La mente corpórea: Un motivo más para la humildad


Aquellos que han hablado de una diferencia de tipo entre los homo sapiens y el resto del reino animal han justificado dicha postura en las grandes capacidades de la mente y la racionalidad humanas. No obstante, se ha descubierto que otros animales también poseen muchas de las características que normalmente se asocian a estas. Más allá de esto, la mente humana no trasciende el cuerpo de donde surge, y es en muchos aspectos corporal.

El alma, la mente o la facultad racional humana, ha sido tomada por dos milenios como aquello que nos hace radicalmente distintos y especiales como especie. De esta facultad emerge no sólo el lenguaje, sino también la autoconciencia, el conocimiento, la capacidad de proyectarse en el futuro, de comportarse éticamente, de vivir en sociedad, de ser responsables y libres.

La mente, se piensa, es la base para una diferenciación de tipo (y no de grado) entre los homo sapiens y el resto de los animales no humanos. Esta manera de pensar, o al menos parte de ella, está presente en el pensamiento de una masa gigantesca de filósofos y pensadores desde Platón en adelante. La mente es vista por muchos como una facultad que trasciende nuestra parte animal, es decir nos permite distanciarnos de nuestro cuerpo y los impulsos instintivos y emocionales que de él surgen. A la vez nos permite abstraernos de lo inmediatamente presente a la percepción. Si somos la única especie poseedora de una mente y ésta logra separarse en importantes aspectos de nuestra parte animal-corporal, entonces claramente somos, además de animales, algo distinto.

Esta concepción, sumada a ciertos aspectos de las ideología judeo-cristiana (por ejemplo los que ponen al hombre como amo y rey de la naturaleza), genera la idea de que además de humanos somos personas, merecemos un cuidado y un respeto especial; o por lo menos así va el argumento. Por esta vía se justifica el especieismo (la idea de que la raza humana tiene un mayor valor moral que el resto de las especies en igualdad de condiciones), del cual derivan los innumerables abusos al reino animal que hoy en día seguimos aceptando, financiando y promocionando, a través de distintas actividades como el consumo de productos animales y de cosméticos y fármacos que son probados en animales, por mencionar algunos. Aunque nuestras actitudes frente a los animales reflejen este comportamiento especieista, esta manera de pensar no está racionalmente justificada.

En primer lugar, la Teoría de la Evolución pone en duda que pueda haber tal cosa como una diferencia de tipo entre el reino animal (no humano) y los humanos. Esta teoría es un primer llamado a la humildad, nos ubica como especie en un continuo con otras, nos recuerda que nosotros también somos, después de todo, animales.

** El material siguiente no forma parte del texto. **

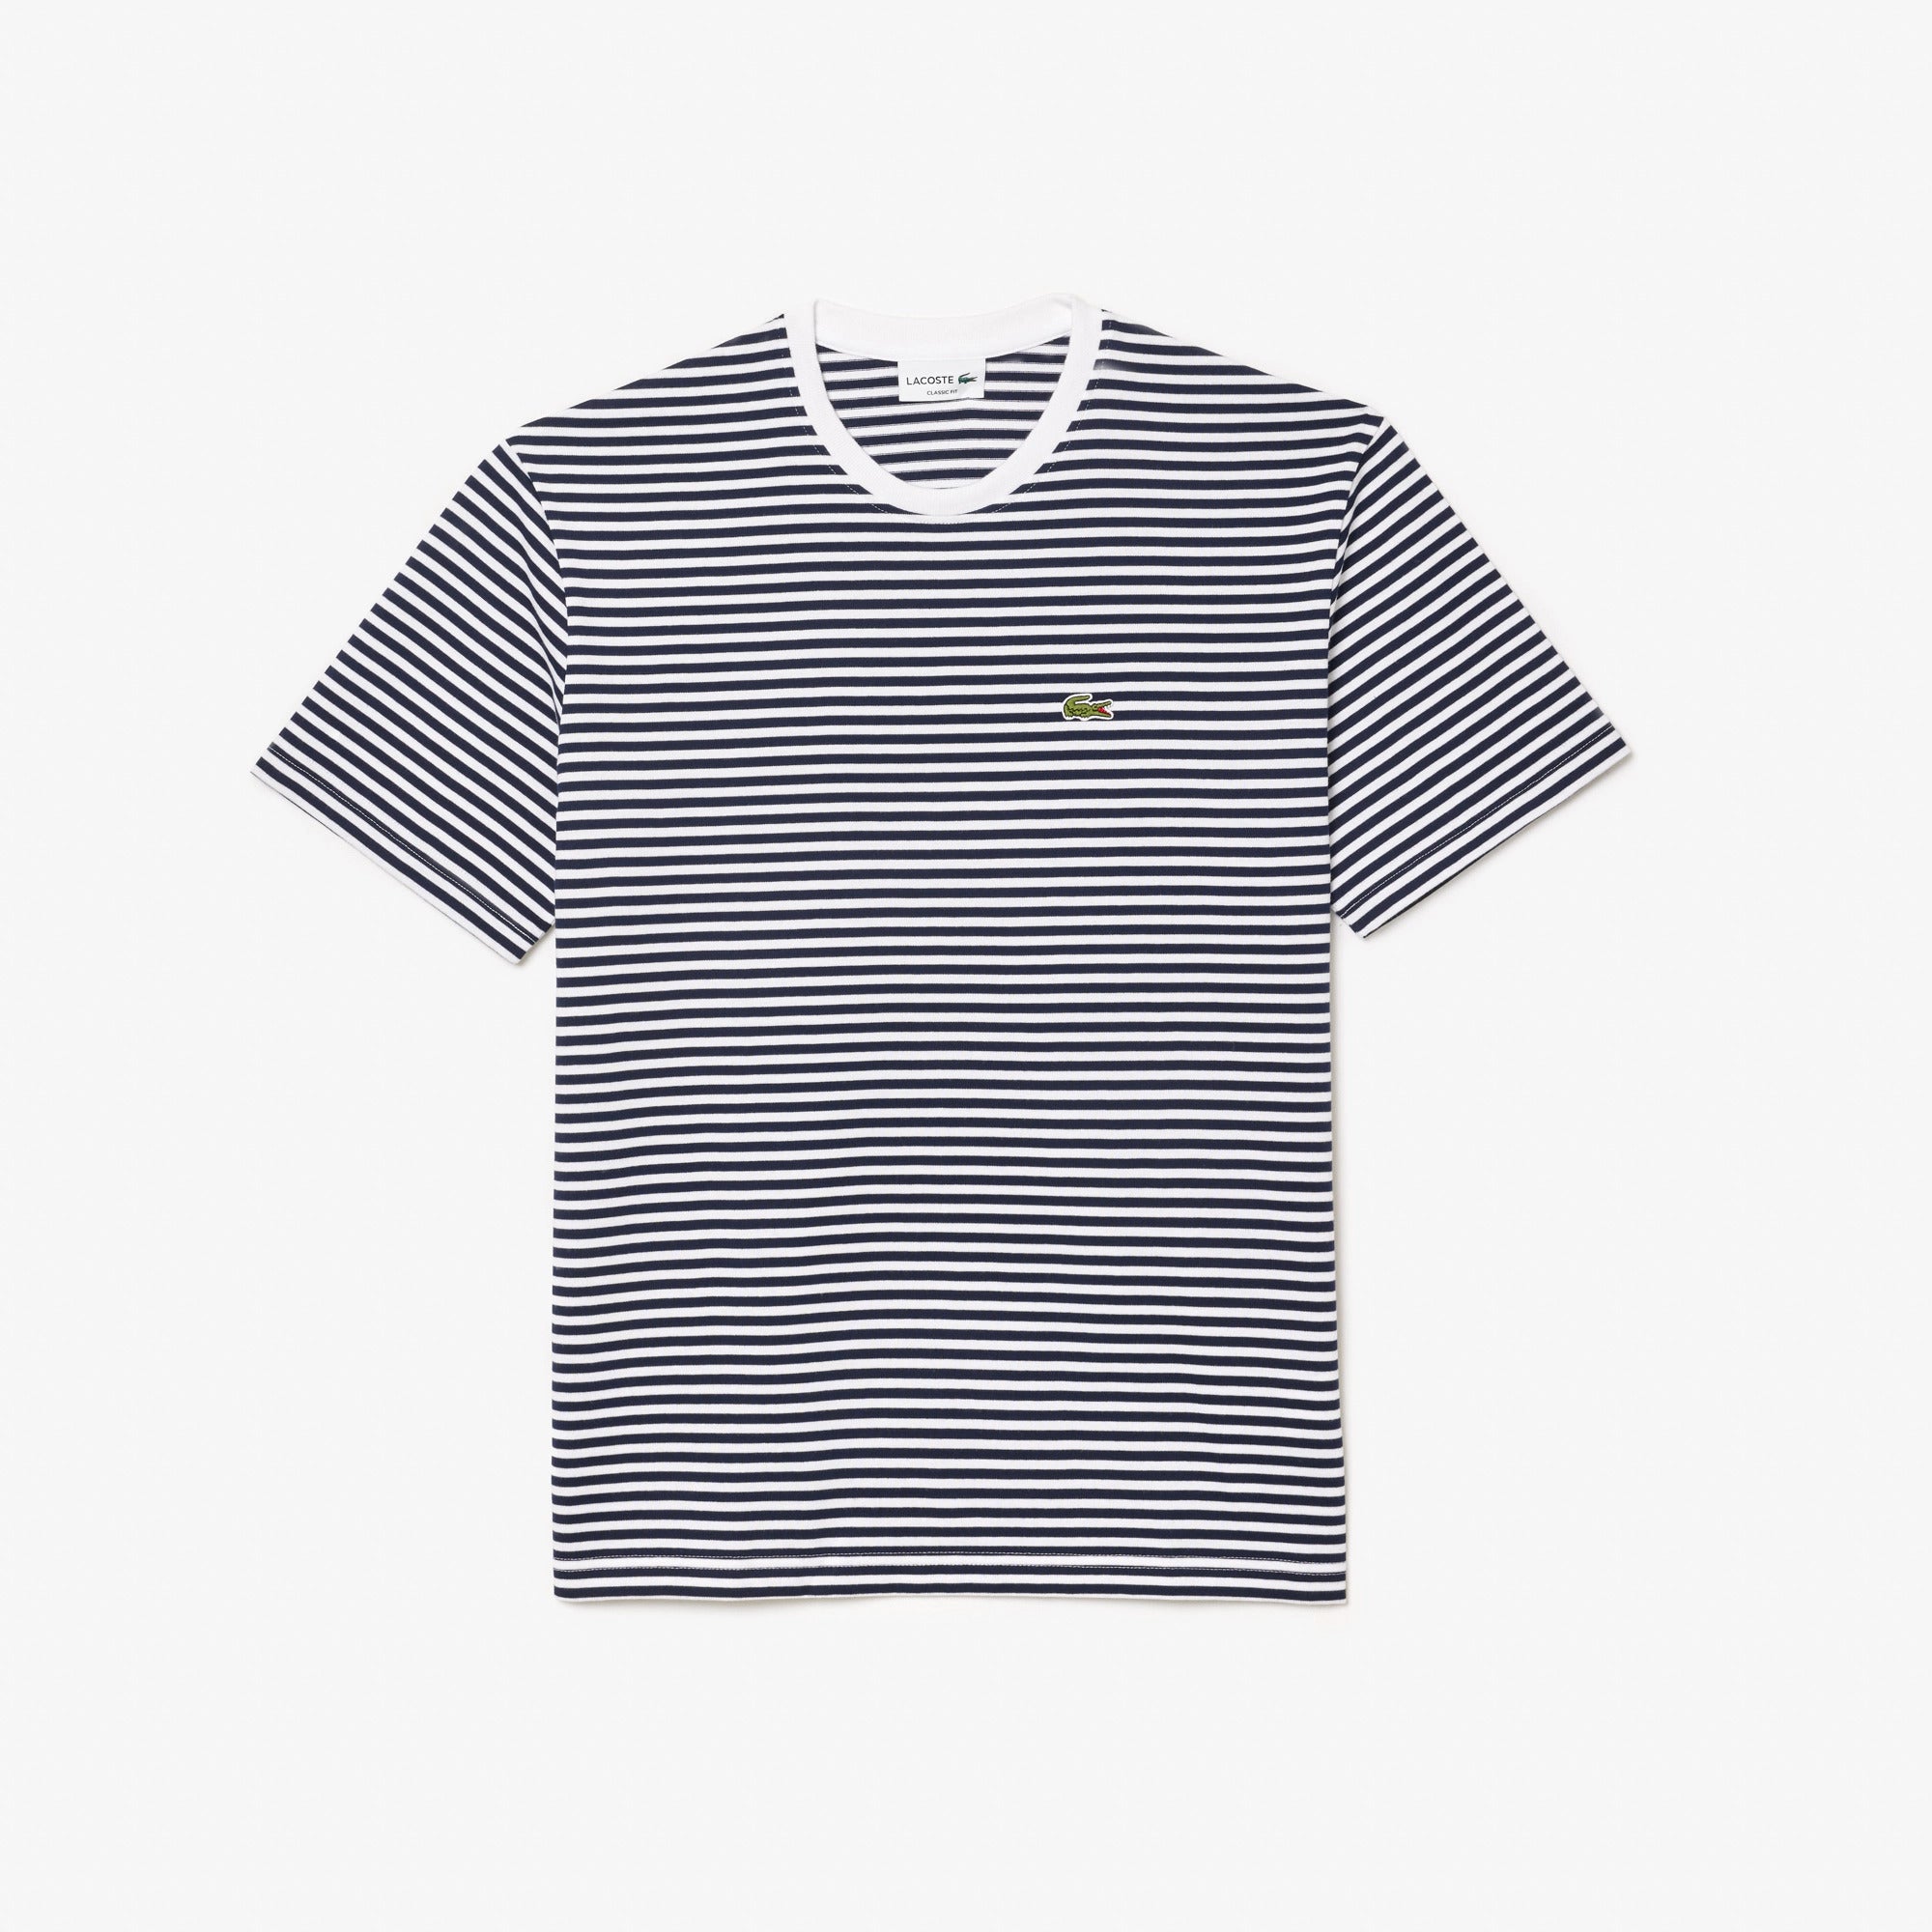 LACOSTE T-Shirt Uomo Righe-Bianco Blu Navy

La Teoría de la Evolución también habla de una alternativa a la historia de la creación del hombre donde éste surge como dueño y señor de la naturaleza; como aquél a quien le corresponde responder al mandato divino: “Fructificad y multiplicaos; llenad la tierra, y sojuzgadla, y señoread a los peces del mar, a las aves de los cielos, y a todas las bestias que se mueven sobre la tierra” (Gen.1.27).

De acuerdo a La Teoría de la Evolución, nuestro origen parece estar en las mismas bestias y, lo queramos aceptar o no, somos extremadamente parecidos a algunas de ellas. De hecho, hay evidencia de comportamientos que generalmente se asocian a la mente y al pensamiento humano en mamíferos como los delfines y los grandes simios, entre otros. Nos gustaría destacar sobre todo el valioso trabajo de Jane Goodall, quien descubrió a lo largo de sus más de cuarenta años observando a chimpancés en Tanzania que estos animales no son tan diferentes a los seres humanos como creíamos. Los chimpancés, explica Goodall, tienen personalidades complejas y distintas, pelean guerras entre ellos y tienen formas de cooperación grupal. Goodall incluso llega a afirmar que los chimpancés son capaces de verdadera compasión y altruismo. Al mismo tiempo, en cautiverio, estos animales han demostrado poder comunicarse mediante el lenguaje de señas, de reconocerse a sí mismos (en contraste con otros) en espejos y de realizar complejas tareas usando computadores (Jane Goodall en TED). Hay muchos otros descubrimientos que se suman a estos, pero lo que nos importa aquí es que ese conjunto de facultades inteligentes que llamamos “mente” o “razón” no es del todo exclusivo a la especie humana. He aquí un segundo llamado a la humildad.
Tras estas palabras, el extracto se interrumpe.